The model emphasized broader world knowledge, better instruction following, and what OpenAI called higher "EQ," with measurably lower hallucination rates than GPT-4o on internal evaluations. It outperformed GPT-4o across all 15 languages tested on MMLU, including Arabic, Bengali, Chinese, Hindi, Swahili, and Yoruba. Reception was mixed: critics characterized GPT-4.5 as an incremental upgrade rather than a leap, and the API pricing of $75 per million input tokens and $150 per million output tokens was an order of magnitude higher than GPT-4o, limiting practical adoption.
OpenAI deprecated GPT-4.5 from the API on July 14, 2025, in favor of the cheaper and faster GPT-4.1 family.
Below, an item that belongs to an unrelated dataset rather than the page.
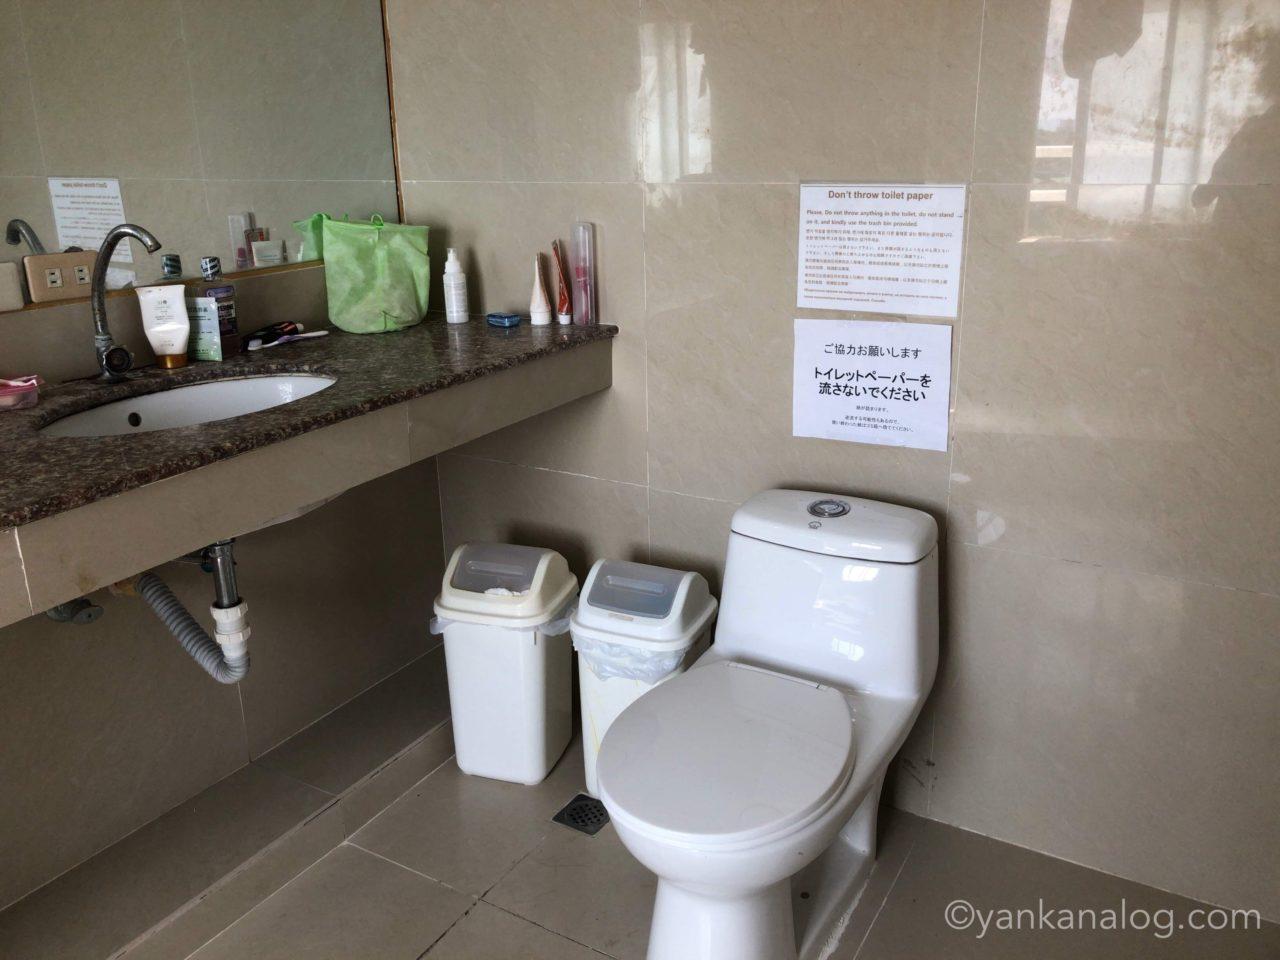 QQEnglishシーフロント校のトイレ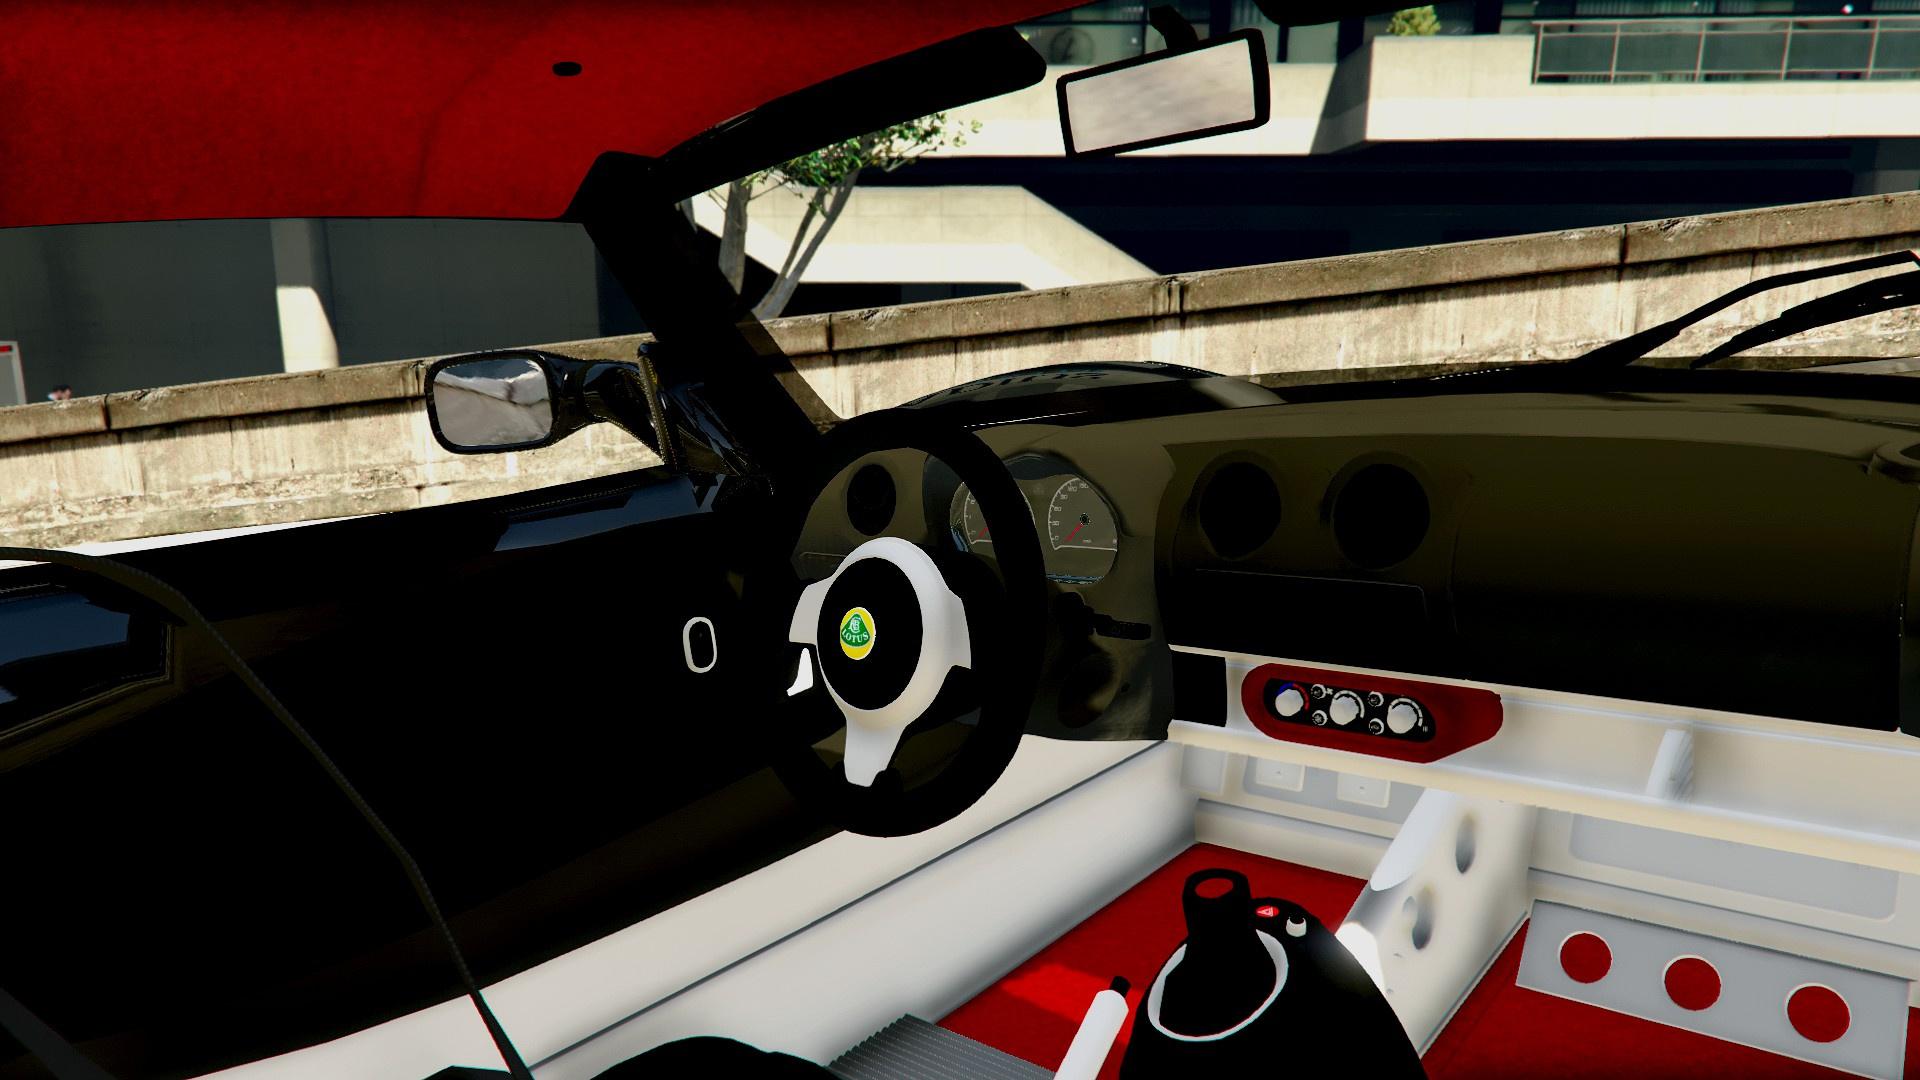 Gta 5 Amanda Real Life Lotus Exige 240 - GTA5...

On August 7, 2025, the day GPT-5 launched, GPT-4.5 was removed from ChatGPT Plus and Teams, surviving only as a "Legacy Models" option for Pro subscribers.
On April 14, 2025, OpenAI released the GPT-4.1 model family, consisting of three variants: GPT-4.1, GPT-4.1 mini, and GPT-4.1 nano. These models featured major improvements in coding, instruction following, and long-context comprehension, with a context window expanded to 1 million tokens.
| Model | Key strengths | Notable benchmarks |
|---|---|---|
| GPT-4.1 | Coding and instruction following | SWE-bench Verified: 21.4% improvement over GPT-4o; MultiChallenge: 38.3% (10.5% above GPT-4o) |
| GPT-4.1 mini | Small-model performance leader | Matches or exceeds GPT-4o in many benchmarks at 83% lower cost and nearly half the latency |
| GPT-4.1 nano | Speed and cost optimized | MMLU: 80.1%; GPQA: 50.3%; supports 1 million token context |
The GPT-4.1 series used a knowledge cutoff of June 2024 and was initially available only through the API before being rolled out to ChatGPT Plus, Pro, and Team users.
Two days after GPT-4.1, on April 16, 2025, OpenAI released o3 and o4-mini, the next generation of its reasoning models. (The "o2" name was skipped to avoid a trademark conflict with the British mobile carrier O2.) o3-mini had already shipped on January 31, 2025, and o3-pro followed on June 10, 2025.
These models are notable for being the first OpenAI reasoning models that can agentically chain together every tool inside ChatGPT, including web browsing, Python execution, file analysis, image generation, and visual reasoning over uploaded screenshots and diagrams. o3 reduced major errors by roughly 20% relative to o1 on difficult real-world tasks evaluated by external experts.
| Model | Release | Headline result |
|---|---|---|
| o3-mini | January 31, 2025 | Three reasoning effort levels (low/medium/high); free-tier accessible |
| o3 | April 16, 2025 | GPQA Diamond 87.7%; SWE-bench Verified 71.7%; Codeforces Elo 2727; ~3x ARC-AGI score over o1 |
| o4-mini | April 16, 2025 | Best benchmarked model on AIME 2024 and AIME 2025 at the time of release |
| o3-pro | June 10, 2025 | Parallel test-time compute for the most reliable single answer |
GPT-5 was released on August 7, 2025. It is the first GPT model to integrate fast-response and reasoning capabilities into a single product through a real-time router that decides, per turn, whether to answer with a high-throughput model (gpt-5-main) or hand the turn to a deeper reasoning model (gpt-5-thinking). The router considers conversation type, task complexity, tool requirements, and explicit user intent (for example, the phrase "think step by step").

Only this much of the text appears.